===== Source data

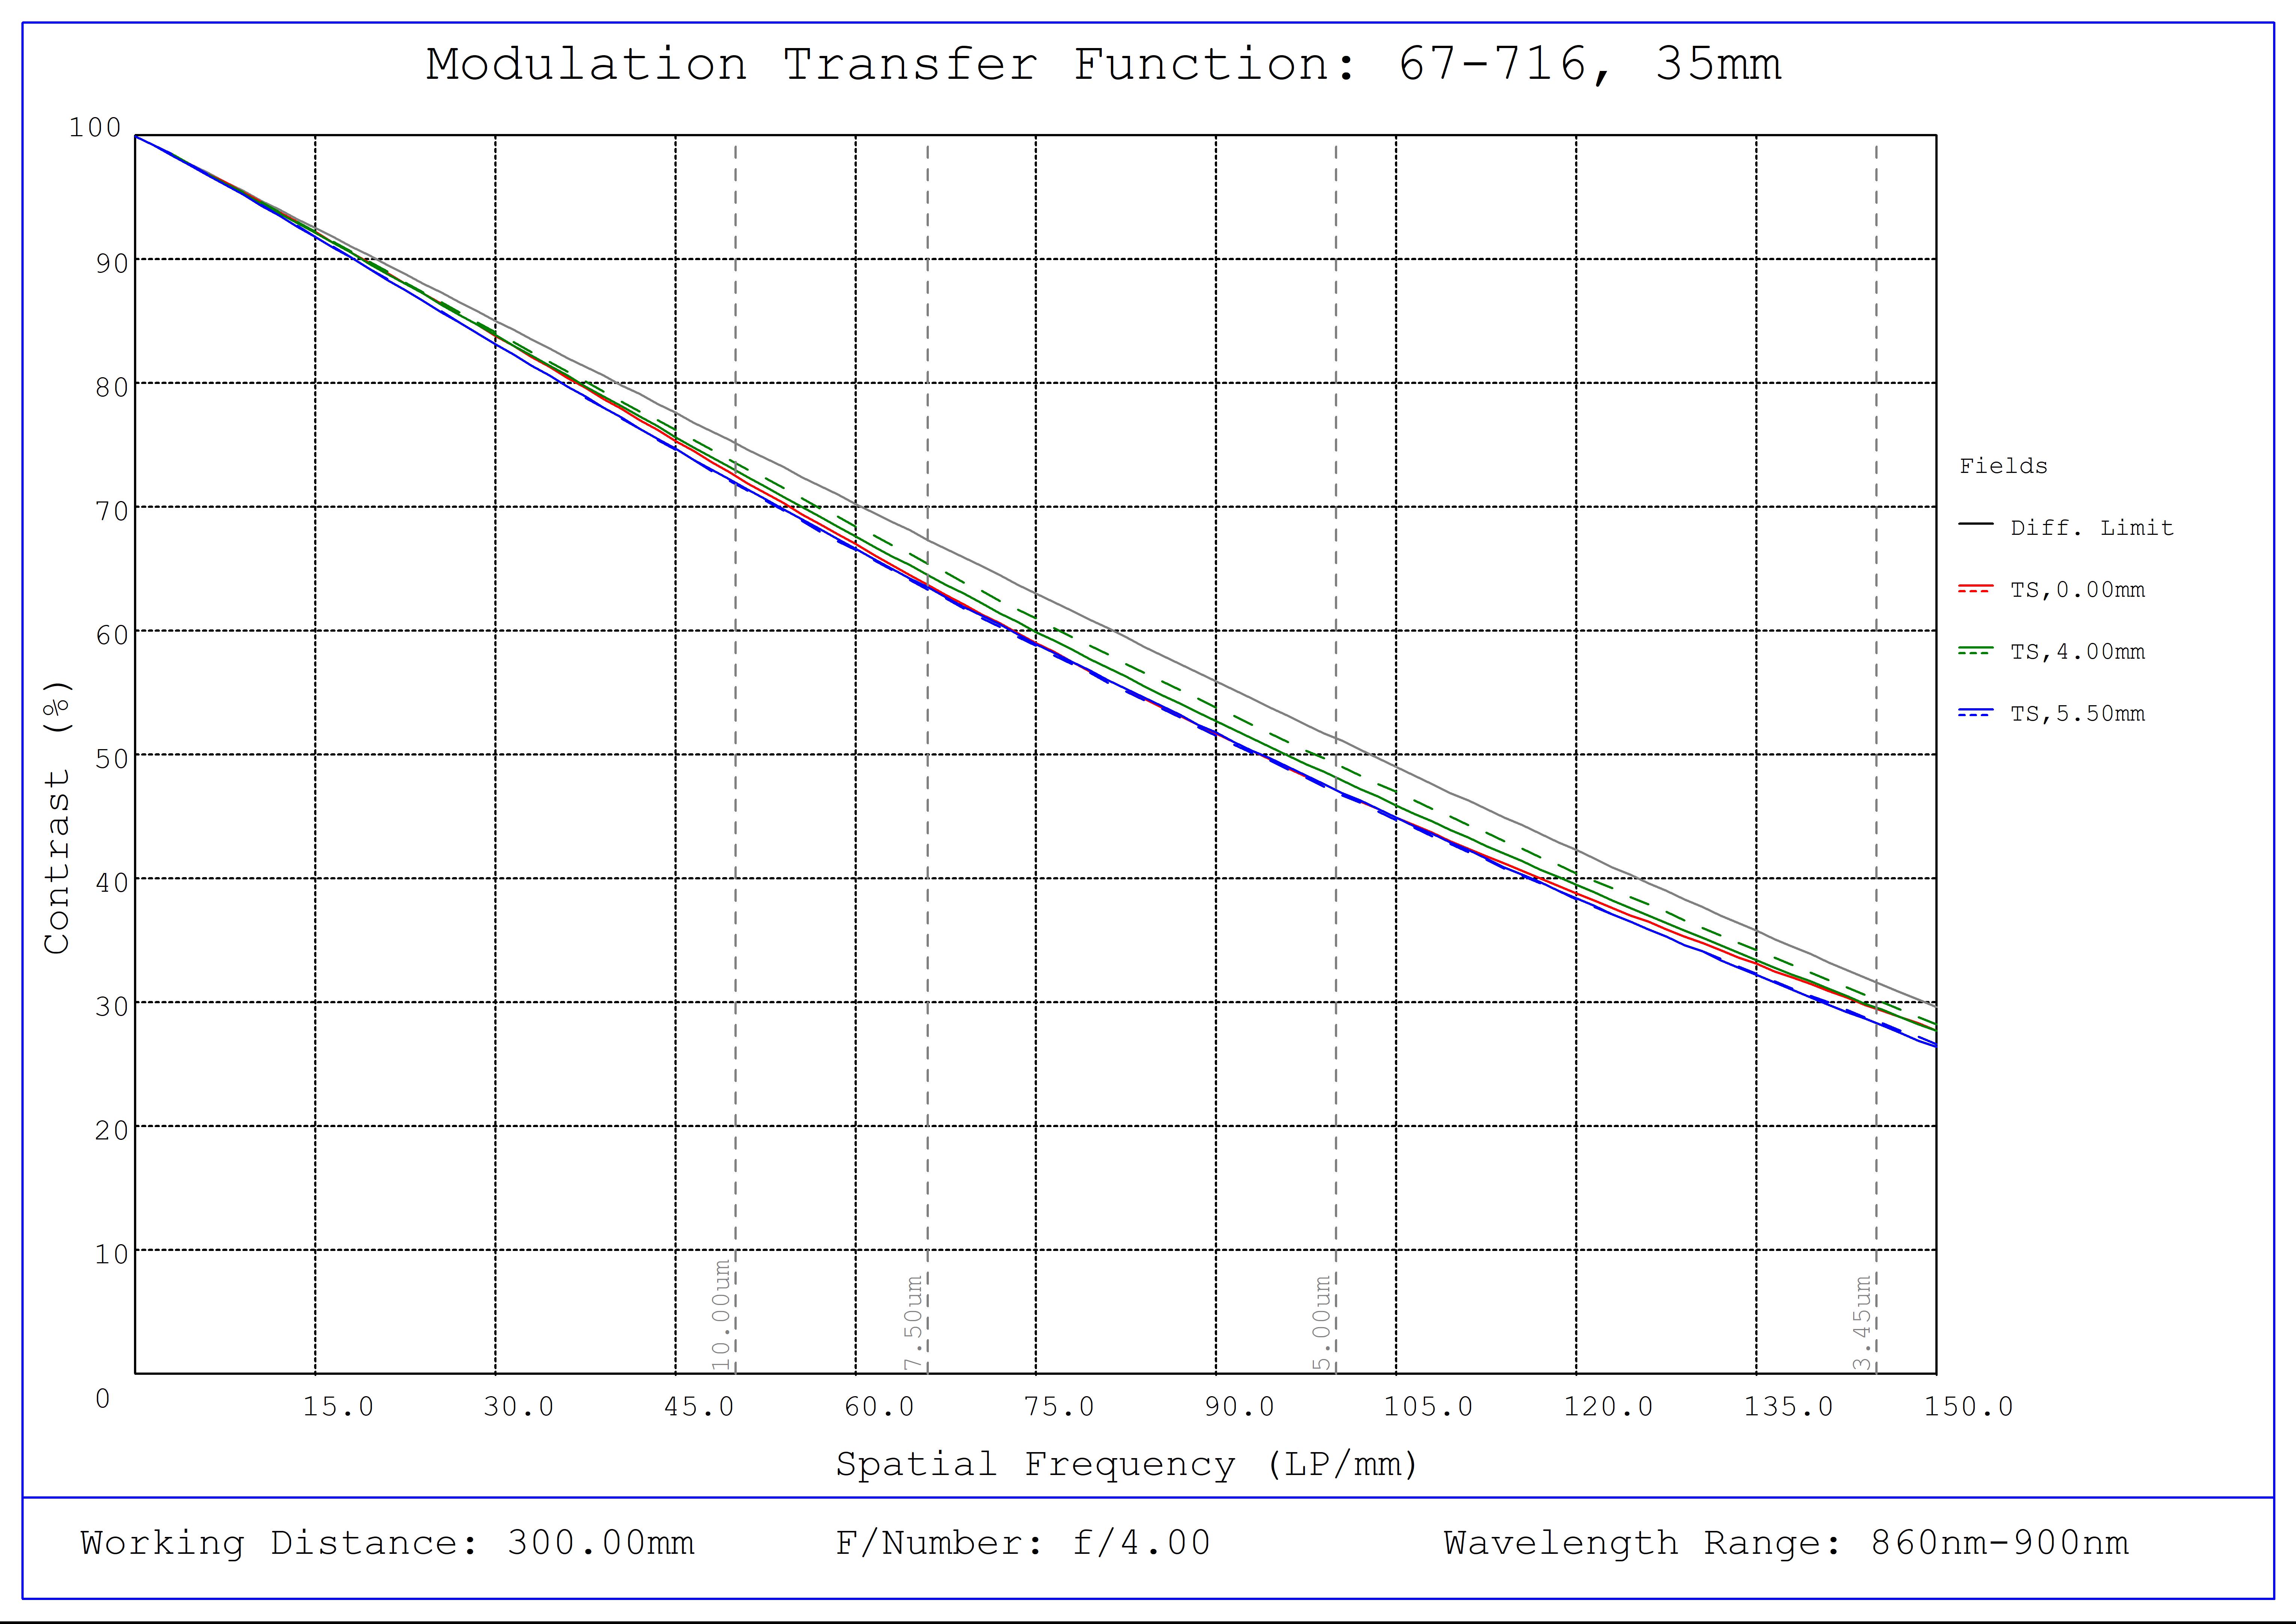 #67-716, 35mm C VIS-NIR Series Fixed Focal Length Lens, Modulated Transfer Function (MTF) Plot (NIR), 300mm Working Distance, f4
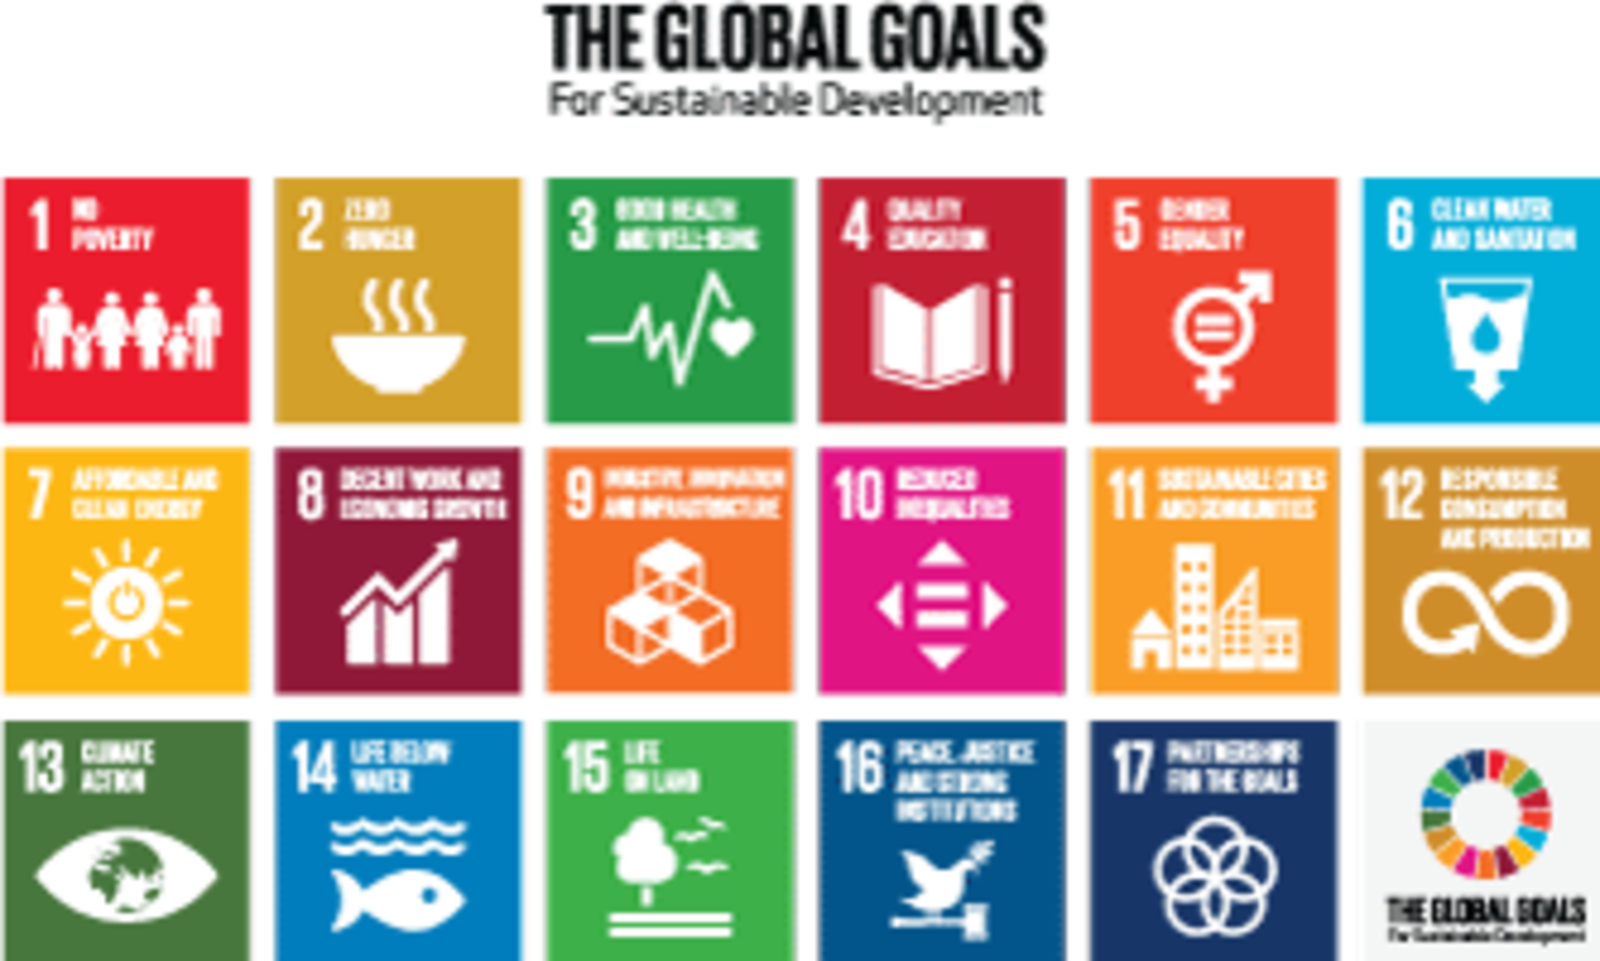 the 17 sustainable development goals
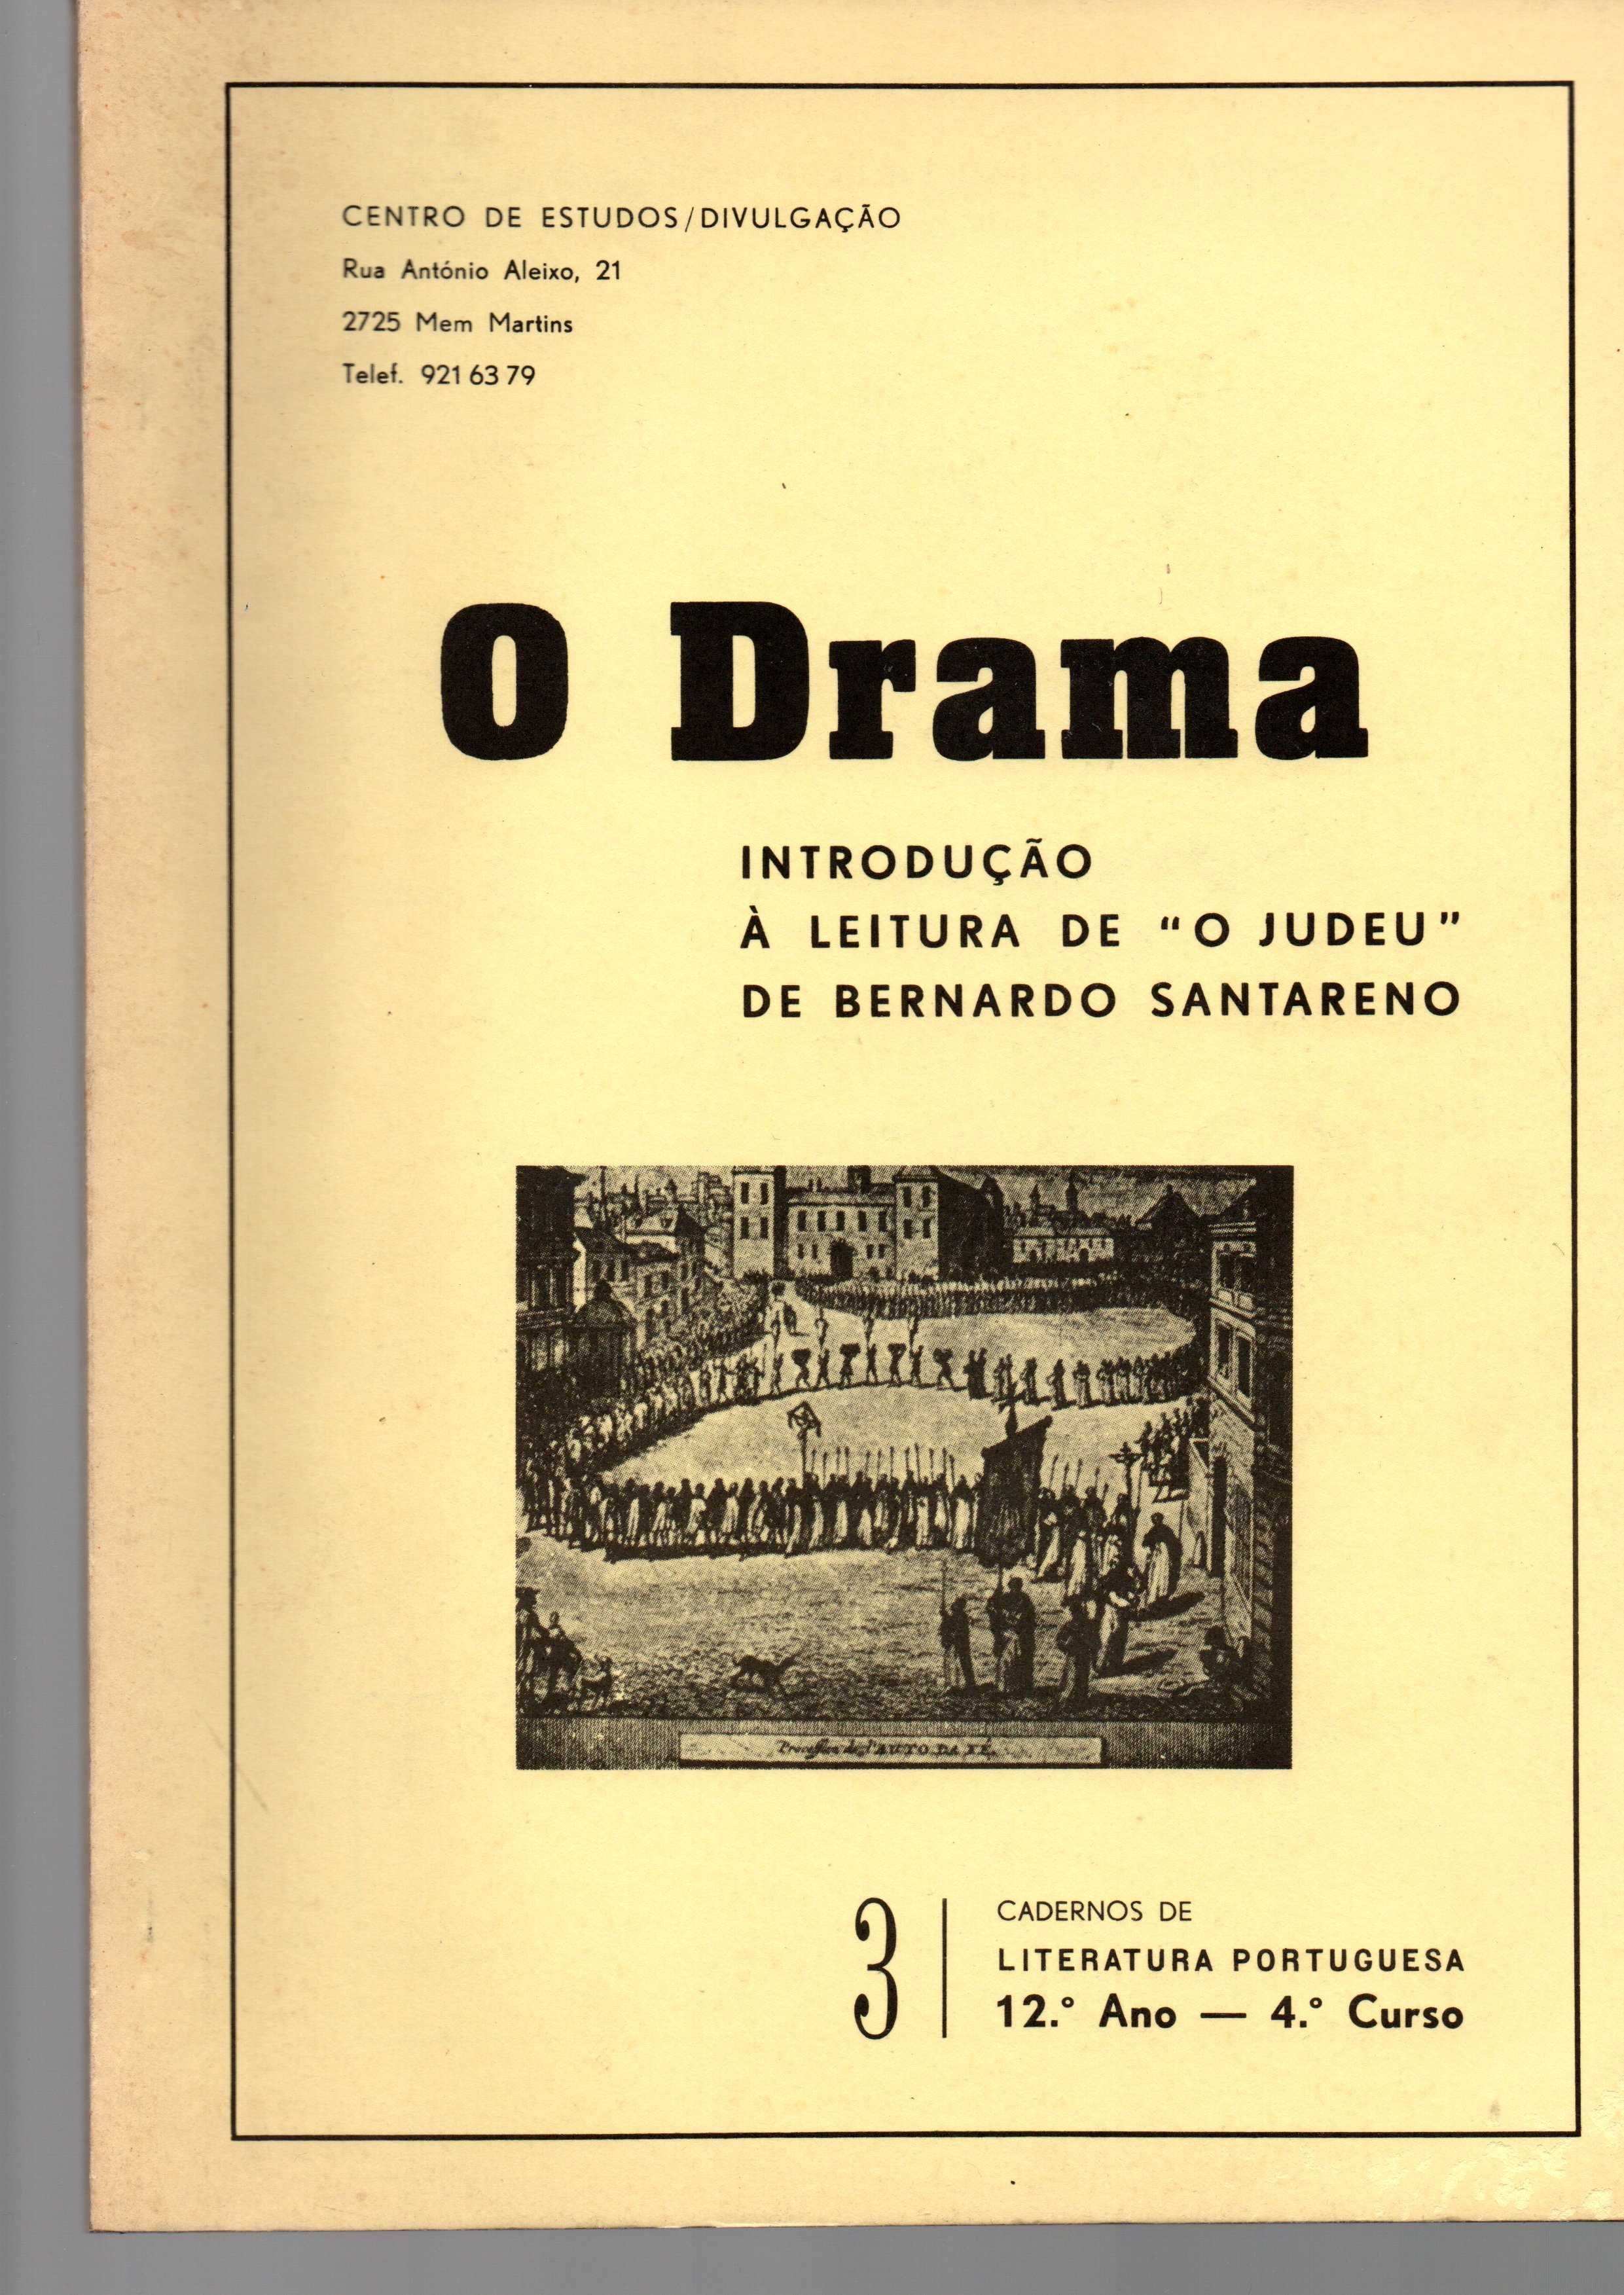 Cadernos de Literatura Portuguesa

==========

**Goal of the exercise**
Starting at the line that contains "the 17 sustainable development goals", retype every line through the end of the material exactly as written, including both end lines but no pictures.

**Output of the task**
 the 17 sustainable development goals
 Cadernos de Literatura Portuguesa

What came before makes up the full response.